Question

If H(s)=\(\frac{1}{s^2+s+1}\) represent the transfer function of a low pass filter (not Butterworth) with a pass band of 1 rad/sec, then what is the system function of a band pass filter with a pass band of 10 rad/sec and a center frequency of 100 rad/sec?

(a) \(\frac{s^2}{s^4+10s^3+20100s^2+10^5 s+1}\)

(b) \(\frac{100s^2}{s^4+10s^3+20100s^2+10^5 s+1}\)

(c) \(\frac{s^2}{s^4+10s^3+20100s^2+10^5 s+10^8}\)

(d) \(\frac{100s^2}{s^4+10s^3+20100s^2+10^5 s+10^8}\)
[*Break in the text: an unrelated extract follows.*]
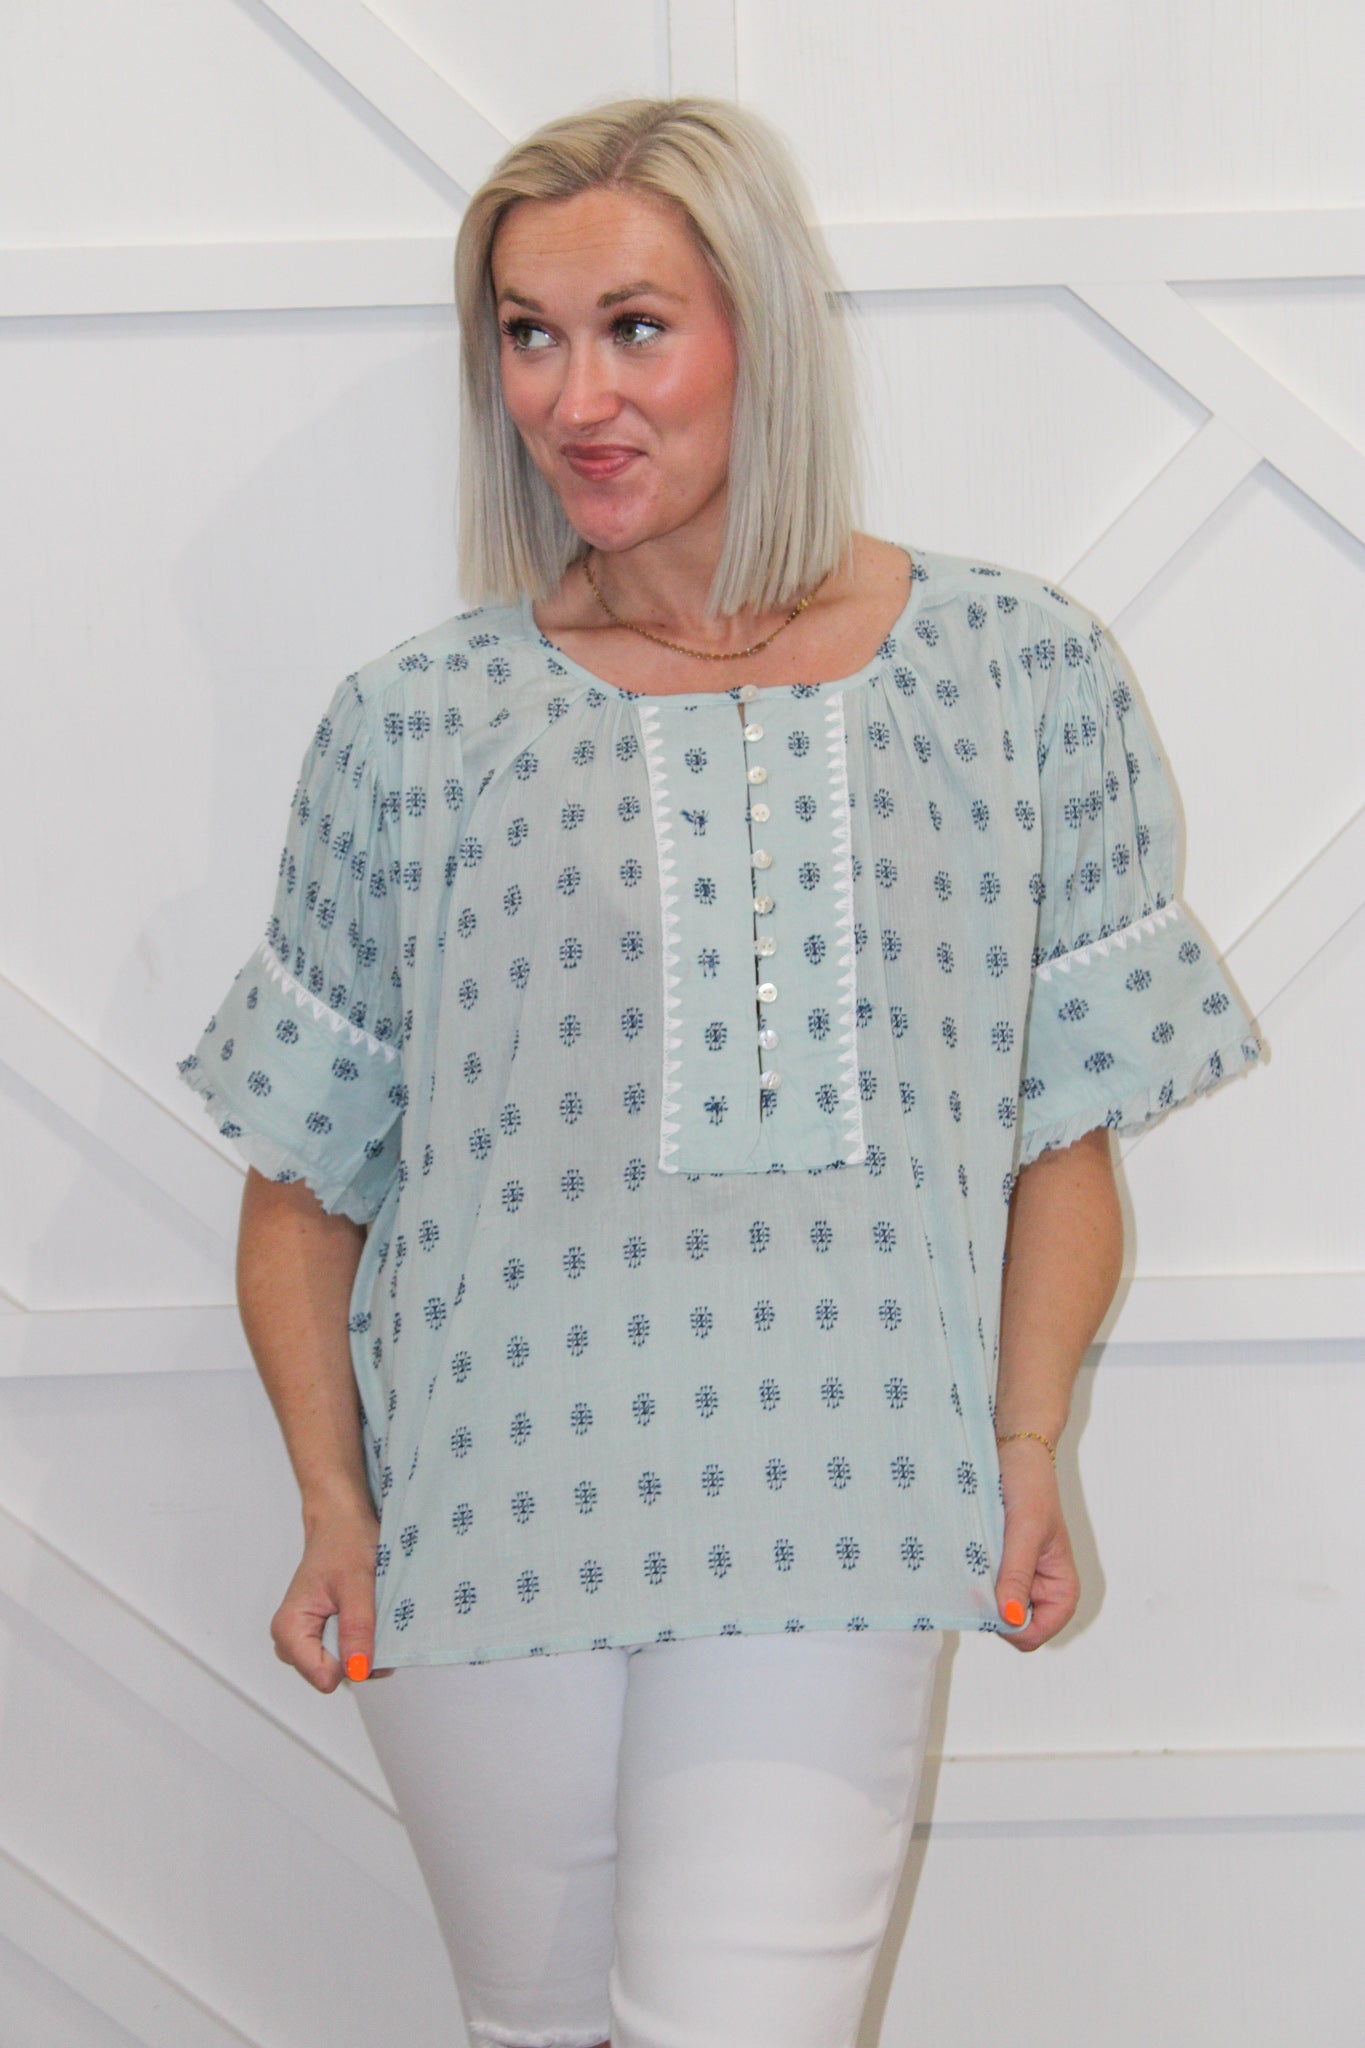 Stitched Up Popover Top

I had been asked this question in unit test.

My question is from Design of Low Pass Butterworth Filters in chapter Digital Filters Design of Digital Signal Processing

Answer 1

Right answer is (d) \(\frac{100s^2}{s^4+10s^3+20100s^2+10^5 s+10^8}\)

The best I can explain: The low pass-to-band pass transformation is

\(s\rightarrow\frac{s^2+\Omega_u \Omega_l}{s(\Omega_u-\Omega_l)}\)

Thus the required band pass filter has a transform function as

Ha(s)=\(\frac{100s^2}{s^4+10s^3+20100s^2+10^5 s+10^8}\).